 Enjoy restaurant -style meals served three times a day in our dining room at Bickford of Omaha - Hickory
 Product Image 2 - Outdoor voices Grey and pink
********************
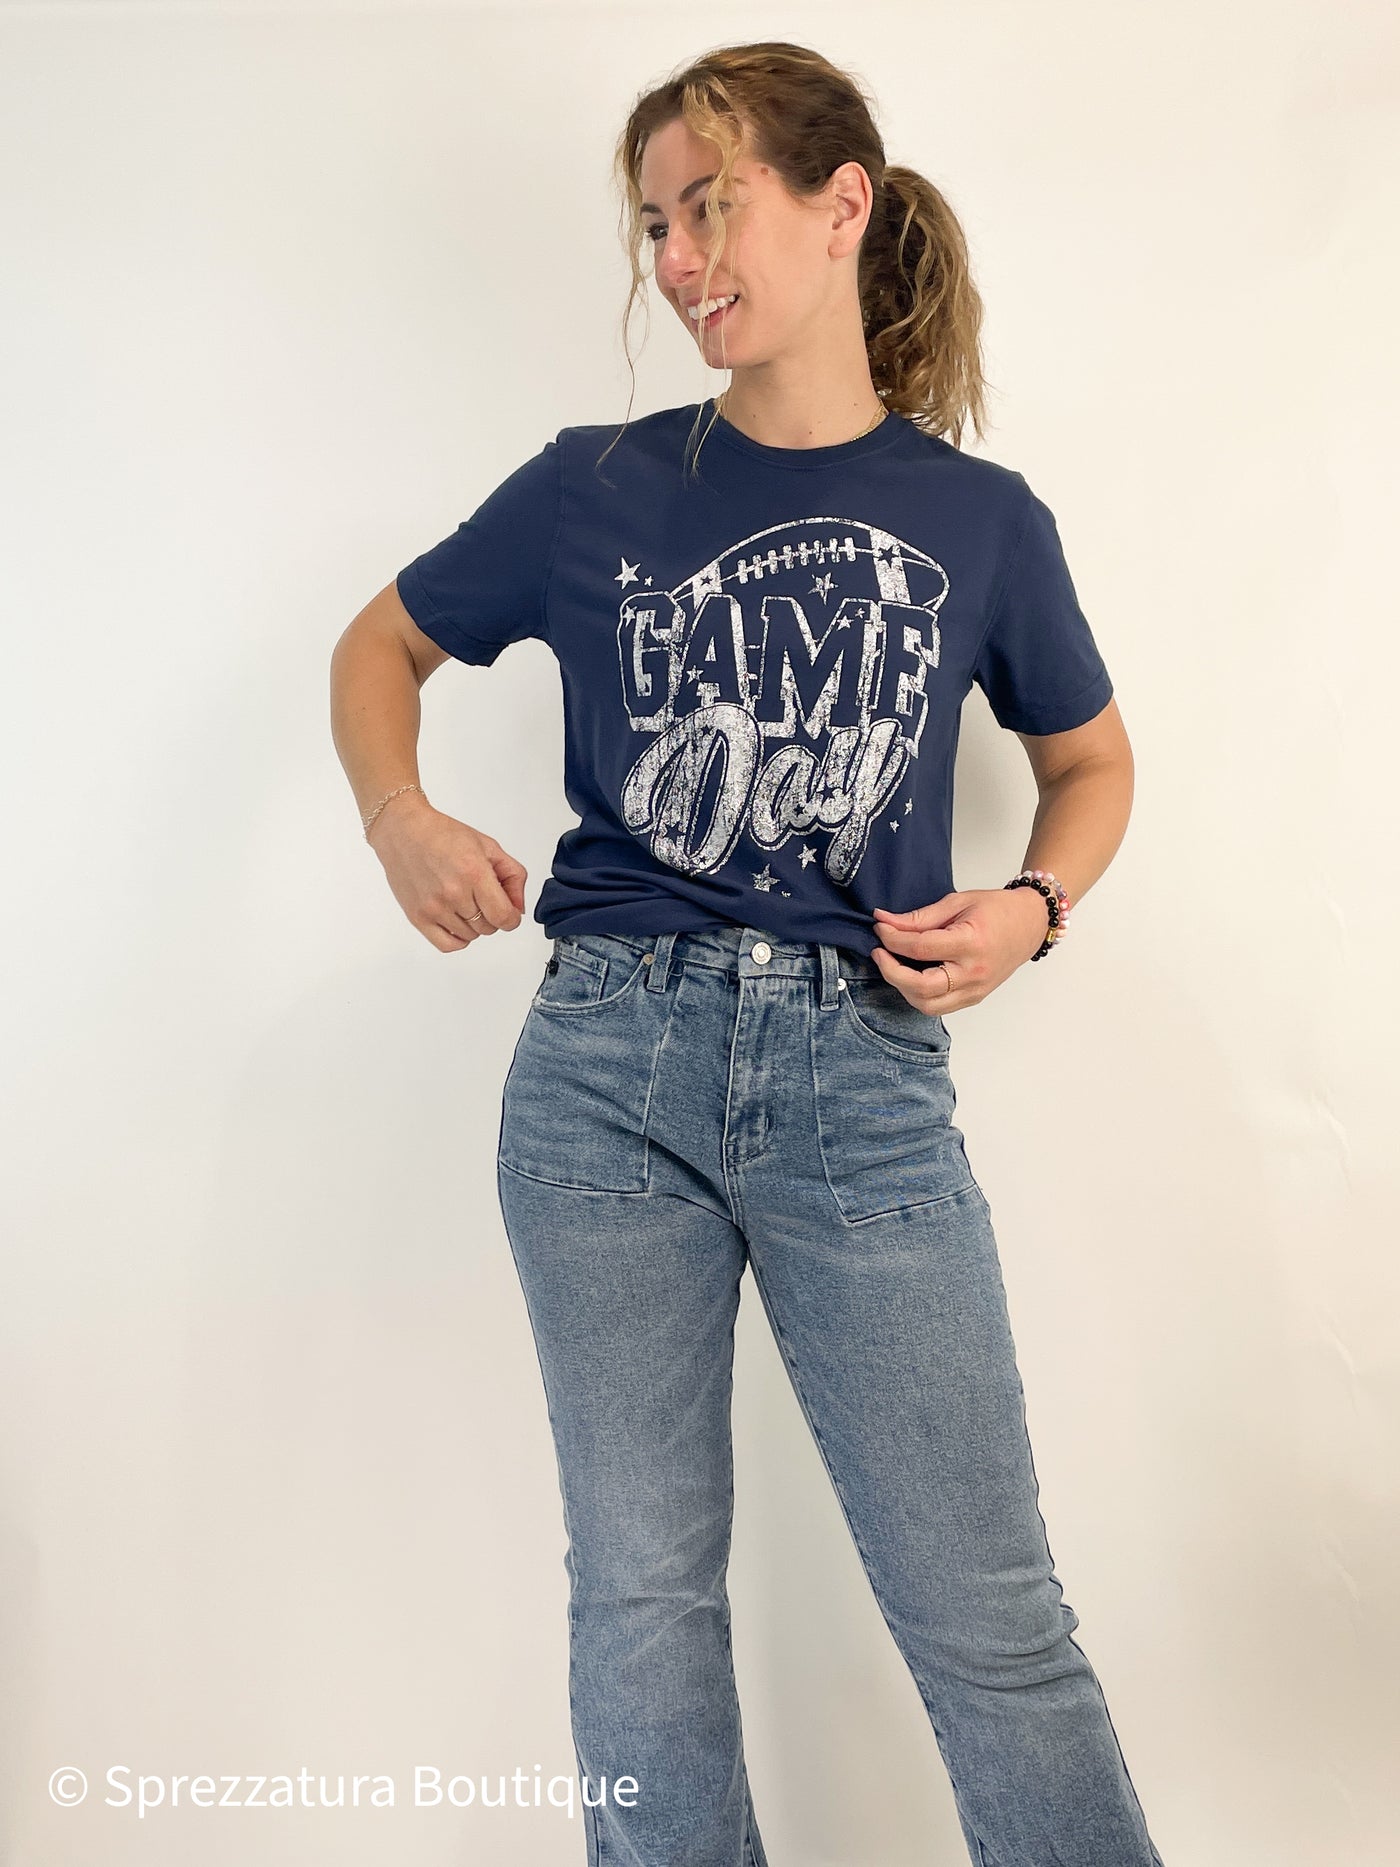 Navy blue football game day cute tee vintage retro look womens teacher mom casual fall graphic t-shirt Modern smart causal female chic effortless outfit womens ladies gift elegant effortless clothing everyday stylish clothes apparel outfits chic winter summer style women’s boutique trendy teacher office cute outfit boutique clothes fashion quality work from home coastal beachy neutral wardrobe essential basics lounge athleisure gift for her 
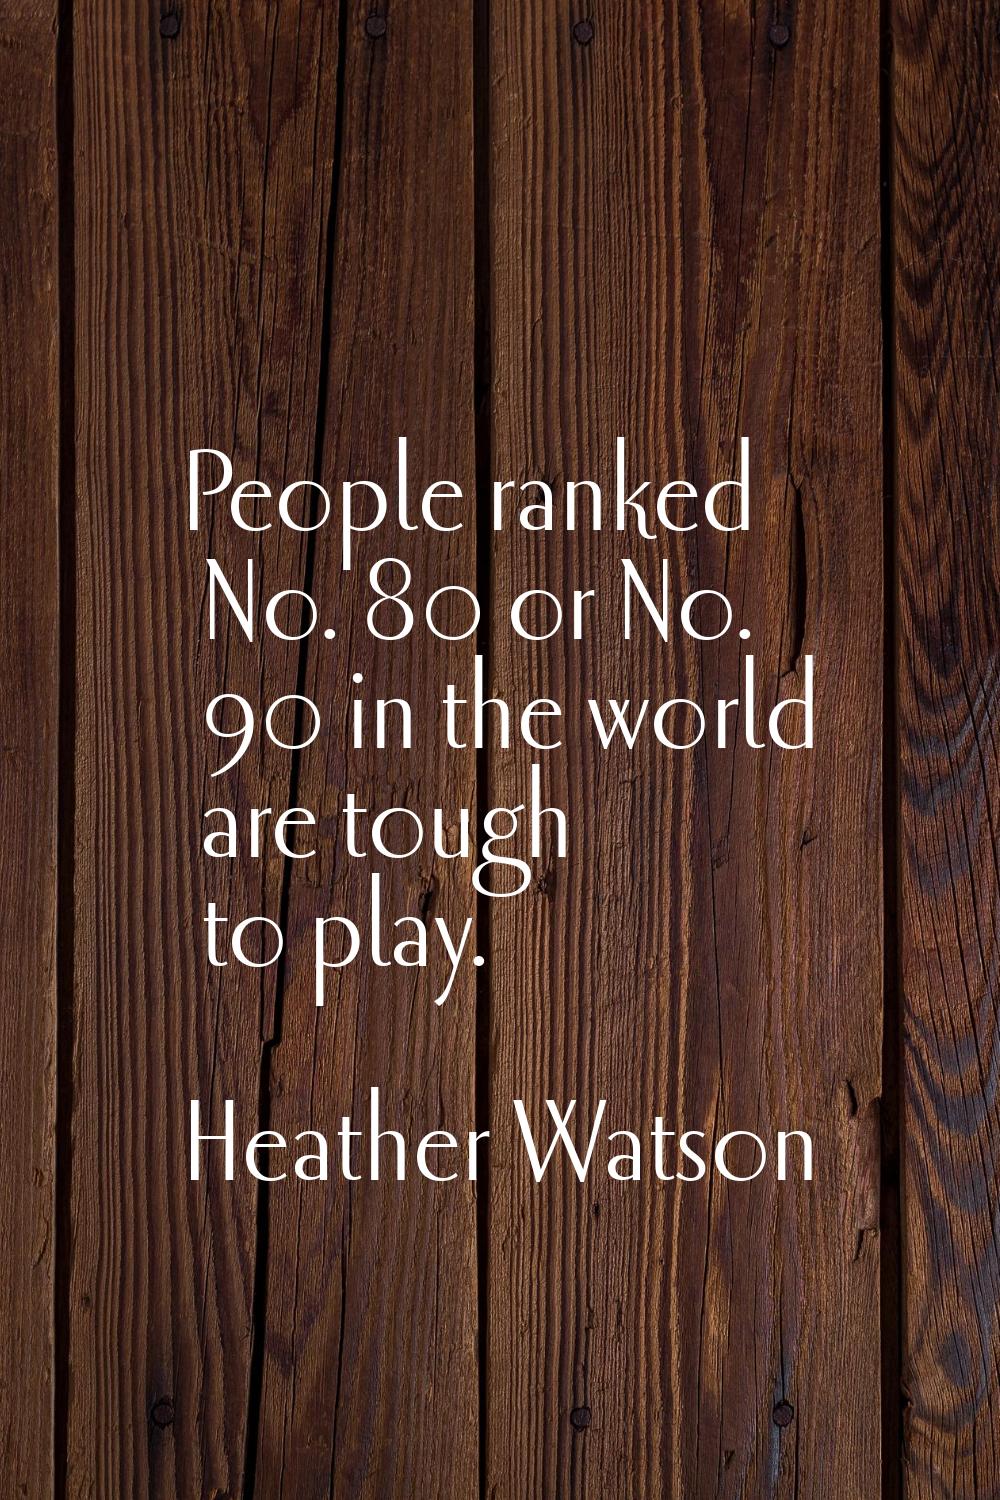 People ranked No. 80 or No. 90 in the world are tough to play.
********************
(Your objective):
Look back at the data above. Transcribe exactly the lines starting at the line that contains "Enjoy restaurant -style" and ending at the line that contains "Product Image 2".

(Output):
 Enjoy restaurant -style meals served three times a day in our dining room at Bickford of Omaha - Hickory
 Product Image 2 - Outdoor voices Grey and pink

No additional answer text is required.